What the task requires: Nothing in the data may be altered, so output all of it exactly.

Provided information:
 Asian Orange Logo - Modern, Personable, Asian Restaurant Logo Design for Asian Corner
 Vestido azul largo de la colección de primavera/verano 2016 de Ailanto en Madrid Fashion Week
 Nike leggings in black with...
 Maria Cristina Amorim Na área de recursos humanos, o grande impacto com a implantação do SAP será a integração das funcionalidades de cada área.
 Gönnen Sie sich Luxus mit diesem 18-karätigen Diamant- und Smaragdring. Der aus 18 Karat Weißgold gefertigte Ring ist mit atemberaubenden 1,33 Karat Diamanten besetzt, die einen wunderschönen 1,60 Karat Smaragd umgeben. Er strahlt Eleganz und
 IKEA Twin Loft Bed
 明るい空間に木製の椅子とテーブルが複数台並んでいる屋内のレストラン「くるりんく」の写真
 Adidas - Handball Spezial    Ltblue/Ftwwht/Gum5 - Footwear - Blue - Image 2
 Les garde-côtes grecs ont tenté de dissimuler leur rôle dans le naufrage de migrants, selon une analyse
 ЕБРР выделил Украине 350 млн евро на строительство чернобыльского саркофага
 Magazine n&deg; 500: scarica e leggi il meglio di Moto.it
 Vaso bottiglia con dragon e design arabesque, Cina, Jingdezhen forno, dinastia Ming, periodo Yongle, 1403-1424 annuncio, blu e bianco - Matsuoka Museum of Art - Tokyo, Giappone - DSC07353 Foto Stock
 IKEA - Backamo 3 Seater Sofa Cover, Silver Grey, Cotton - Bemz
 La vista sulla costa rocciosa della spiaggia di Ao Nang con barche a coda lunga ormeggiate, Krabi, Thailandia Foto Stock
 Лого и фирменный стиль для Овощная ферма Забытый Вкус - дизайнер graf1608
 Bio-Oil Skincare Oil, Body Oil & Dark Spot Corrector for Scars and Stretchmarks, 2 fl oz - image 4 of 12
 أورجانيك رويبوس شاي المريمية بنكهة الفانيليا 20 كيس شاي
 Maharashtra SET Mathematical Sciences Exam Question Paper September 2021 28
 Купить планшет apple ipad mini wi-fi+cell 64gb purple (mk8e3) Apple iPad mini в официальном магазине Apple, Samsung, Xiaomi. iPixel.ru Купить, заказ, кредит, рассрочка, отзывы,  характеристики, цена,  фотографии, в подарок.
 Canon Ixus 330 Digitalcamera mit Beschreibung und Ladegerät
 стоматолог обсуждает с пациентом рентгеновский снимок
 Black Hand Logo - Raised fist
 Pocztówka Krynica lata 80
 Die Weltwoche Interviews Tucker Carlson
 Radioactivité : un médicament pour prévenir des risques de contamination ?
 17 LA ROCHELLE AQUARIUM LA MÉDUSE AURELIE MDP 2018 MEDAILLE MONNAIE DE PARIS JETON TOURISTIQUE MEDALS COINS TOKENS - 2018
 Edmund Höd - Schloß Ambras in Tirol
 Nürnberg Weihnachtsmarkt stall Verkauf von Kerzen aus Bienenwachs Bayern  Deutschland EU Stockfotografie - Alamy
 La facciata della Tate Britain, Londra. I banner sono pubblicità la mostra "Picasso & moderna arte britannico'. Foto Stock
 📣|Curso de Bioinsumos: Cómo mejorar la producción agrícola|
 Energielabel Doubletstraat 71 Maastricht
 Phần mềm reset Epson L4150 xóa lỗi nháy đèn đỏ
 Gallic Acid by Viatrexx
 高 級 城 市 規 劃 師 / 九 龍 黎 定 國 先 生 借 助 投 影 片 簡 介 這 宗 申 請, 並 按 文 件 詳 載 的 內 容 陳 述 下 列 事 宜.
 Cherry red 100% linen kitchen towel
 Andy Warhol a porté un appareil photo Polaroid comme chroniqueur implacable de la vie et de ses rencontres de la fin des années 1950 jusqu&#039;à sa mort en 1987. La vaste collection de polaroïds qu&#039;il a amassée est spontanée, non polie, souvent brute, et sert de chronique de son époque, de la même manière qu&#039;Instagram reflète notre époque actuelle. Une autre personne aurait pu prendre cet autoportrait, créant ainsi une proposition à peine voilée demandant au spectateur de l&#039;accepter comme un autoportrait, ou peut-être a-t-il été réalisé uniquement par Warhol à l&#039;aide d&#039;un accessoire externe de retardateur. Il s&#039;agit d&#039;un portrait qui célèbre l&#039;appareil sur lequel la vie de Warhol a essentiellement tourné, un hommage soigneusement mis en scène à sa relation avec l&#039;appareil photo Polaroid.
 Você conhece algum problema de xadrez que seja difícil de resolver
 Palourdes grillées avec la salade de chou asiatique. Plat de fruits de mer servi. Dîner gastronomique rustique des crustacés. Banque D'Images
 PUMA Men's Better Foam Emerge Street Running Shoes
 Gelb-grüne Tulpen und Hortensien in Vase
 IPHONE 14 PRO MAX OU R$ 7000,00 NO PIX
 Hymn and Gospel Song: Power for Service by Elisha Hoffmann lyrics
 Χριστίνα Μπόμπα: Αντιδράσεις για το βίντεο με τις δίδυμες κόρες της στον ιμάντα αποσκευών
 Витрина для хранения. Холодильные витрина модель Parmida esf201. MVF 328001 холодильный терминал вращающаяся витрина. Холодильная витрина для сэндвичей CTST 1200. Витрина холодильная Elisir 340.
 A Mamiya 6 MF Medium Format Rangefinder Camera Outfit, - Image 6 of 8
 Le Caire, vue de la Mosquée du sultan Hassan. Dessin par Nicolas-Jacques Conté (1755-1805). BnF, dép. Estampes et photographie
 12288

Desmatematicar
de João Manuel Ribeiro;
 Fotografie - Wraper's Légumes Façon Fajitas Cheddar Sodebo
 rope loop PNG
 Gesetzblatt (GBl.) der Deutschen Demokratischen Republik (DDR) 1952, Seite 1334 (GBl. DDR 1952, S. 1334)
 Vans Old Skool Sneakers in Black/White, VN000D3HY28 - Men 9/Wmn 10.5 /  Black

Task result:
 Asian Orange Logo - Modern, Personable, Asian Restaurant Logo Design for Asian Corner
 Vestido azul largo de la colección de primavera/verano 2016 de Ailanto en Madrid Fashion Week
 Nike leggings in black with...
 Maria Cristina Amorim Na área de recursos humanos, o grande impacto com a implantação do SAP será a integração das funcionalidades de cada área.
 Gönnen Sie sich Luxus mit diesem 18-karätigen Diamant- und Smaragdring. Der aus 18 Karat Weißgold gefertigte Ring ist mit atemberaubenden 1,33 Karat Diamanten besetzt, die einen wunderschönen 1,60 Karat Smaragd umgeben. Er strahlt Eleganz und
 IKEA Twin Loft Bed
 明るい空間に木製の椅子とテーブルが複数台並んでいる屋内のレストラン「くるりんく」の写真
 Adidas - Handball Spezial    Ltblue/Ftwwht/Gum5 - Footwear - Blue - Image 2
 Les garde-côtes grecs ont tenté de dissimuler leur rôle dans le naufrage de migrants, selon une analyse
 ЕБРР выделил Украине 350 млн евро на строительство чернобыльского саркофага
 Magazine n&deg; 500: scarica e leggi il meglio di Moto.it
 Vaso bottiglia con dragon e design arabesque, Cina, Jingdezhen forno, dinastia Ming, periodo Yongle, 1403-1424 annuncio, blu e bianco - Matsuoka Museum of Art - Tokyo, Giappone - DSC07353 Foto Stock
 IKEA - Backamo 3 Seater Sofa Cover, Silver Grey, Cotton - Bemz
 La vista sulla costa rocciosa della spiaggia di Ao Nang con barche a coda lunga ormeggiate, Krabi, Thailandia Foto Stock
 Лого и фирменный стиль для Овощная ферма Забытый Вкус - дизайнер graf1608
 Bio-Oil Skincare Oil, Body Oil & Dark Spot Corrector for Scars and Stretchmarks, 2 fl oz - image 4 of 12
 أورجانيك رويبوس شاي المريمية بنكهة الفانيليا 20 كيس شاي
 Maharashtra SET Mathematical Sciences Exam Question Paper September 2021 28
 Купить планшет apple ipad mini wi-fi+cell 64gb purple (mk8e3) Apple iPad mini в официальном магазине Apple, Samsung, Xiaomi. iPixel.ru Купить, заказ, кредит, рассрочка, отзывы,  характеристики, цена,  фотографии, в подарок.
 Canon Ixus 330 Digitalcamera mit Beschreibung und Ladegerät
 стоматолог обсуждает с пациентом рентгеновский снимок
 Black Hand Logo - Raised fist
 Pocztówka Krynica lata 80
 Die Weltwoche Interviews Tucker Carlson
 Radioactivité : un médicament pour prévenir des risques de contamination ?
 17 LA ROCHELLE AQUARIUM LA MÉDUSE AURELIE MDP 2018 MEDAILLE MONNAIE DE PARIS JETON TOURISTIQUE MEDALS COINS TOKENS - 2018
 Edmund Höd - Schloß Ambras in Tirol
 Nürnberg Weihnachtsmarkt stall Verkauf von Kerzen aus Bienenwachs Bayern  Deutschland EU Stockfotografie - Alamy
 La facciata della Tate Britain, Londra. I banner sono pubblicità la mostra "Picasso & moderna arte britannico'. Foto Stock
 📣|Curso de Bioinsumos: Cómo mejorar la producción agrícola|
 Energielabel Doubletstraat 71 Maastricht
 Phần mềm reset Epson L4150 xóa lỗi nháy đèn đỏ
 Gallic Acid by Viatrexx
 高 級 城 市 規 劃 師 / 九 龍 黎 定 國 先 生 借 助 投 影 片 簡 介 這 宗 申 請, 並 按 文 件 詳 載 的 內 容 陳 述 下 列 事 宜.
 Cherry red 100% linen kitchen towel
 Andy Warhol a porté un appareil photo Polaroid comme chroniqueur implacable de la vie et de ses rencontres de la fin des années 1950 jusqu&#039;à sa mort en 1987. La vaste collection de polaroïds qu&#039;il a amassée est spontanée, non polie, souvent brute, et sert de chronique de son époque, de la même manière qu&#039;Instagram reflète notre époque actuelle. Une autre personne aurait pu prendre cet autoportrait, créant ainsi une proposition à peine voilée demandant au spectateur de l&#039;accepter comme un autoportrait, ou peut-être a-t-il été réalisé uniquement par Warhol à l&#039;aide d&#039;un accessoire externe de retardateur. Il s&#039;agit d&#039;un portrait qui célèbre l&#039;appareil sur lequel la vie de Warhol a essentiellement tourné, un hommage soigneusement mis en scène à sa relation avec l&#039;appareil photo Polaroid.
 Você conhece algum problema de xadrez que seja difícil de resolver
 Palourdes grillées avec la salade de chou asiatique. Plat de fruits de mer servi. Dîner gastronomique rustique des crustacés. Banque D'Images
 PUMA Men's Better Foam Emerge Street Running Shoes
 Gelb-grüne Tulpen und Hortensien in Vase
 IPHONE 14 PRO MAX OU R$ 7000,00 NO PIX
 Hymn and Gospel Song: Power for Service by Elisha Hoffmann lyrics
 Χριστίνα Μπόμπα: Αντιδράσεις για το βίντεο με τις δίδυμες κόρες της στον ιμάντα αποσκευών
 Витрина для хранения. Холодильные витрина модель Parmida esf201. MVF 328001 холодильный терминал вращающаяся витрина. Холодильная витрина для сэндвичей CTST 1200. Витрина холодильная Elisir 340.
 A Mamiya 6 MF Medium Format Rangefinder Camera Outfit, - Image 6 of 8
 Le Caire, vue de la Mosquée du sultan Hassan. Dessin par Nicolas-Jacques Conté (1755-1805). BnF, dép. Estampes et photographie
 12288

Desmatematicar
de João Manuel Ribeiro;
 Fotografie - Wraper's Légumes Façon Fajitas Cheddar Sodebo
 rope loop PNG
 Gesetzblatt (GBl.) der Deutschen Demokratischen Republik (DDR) 1952, Seite 1334 (GBl. DDR 1952, S. 1334)
 Vans Old Skool Sneakers in Black/White, VN000D3HY28 - Men 9/Wmn 10.5 /  Black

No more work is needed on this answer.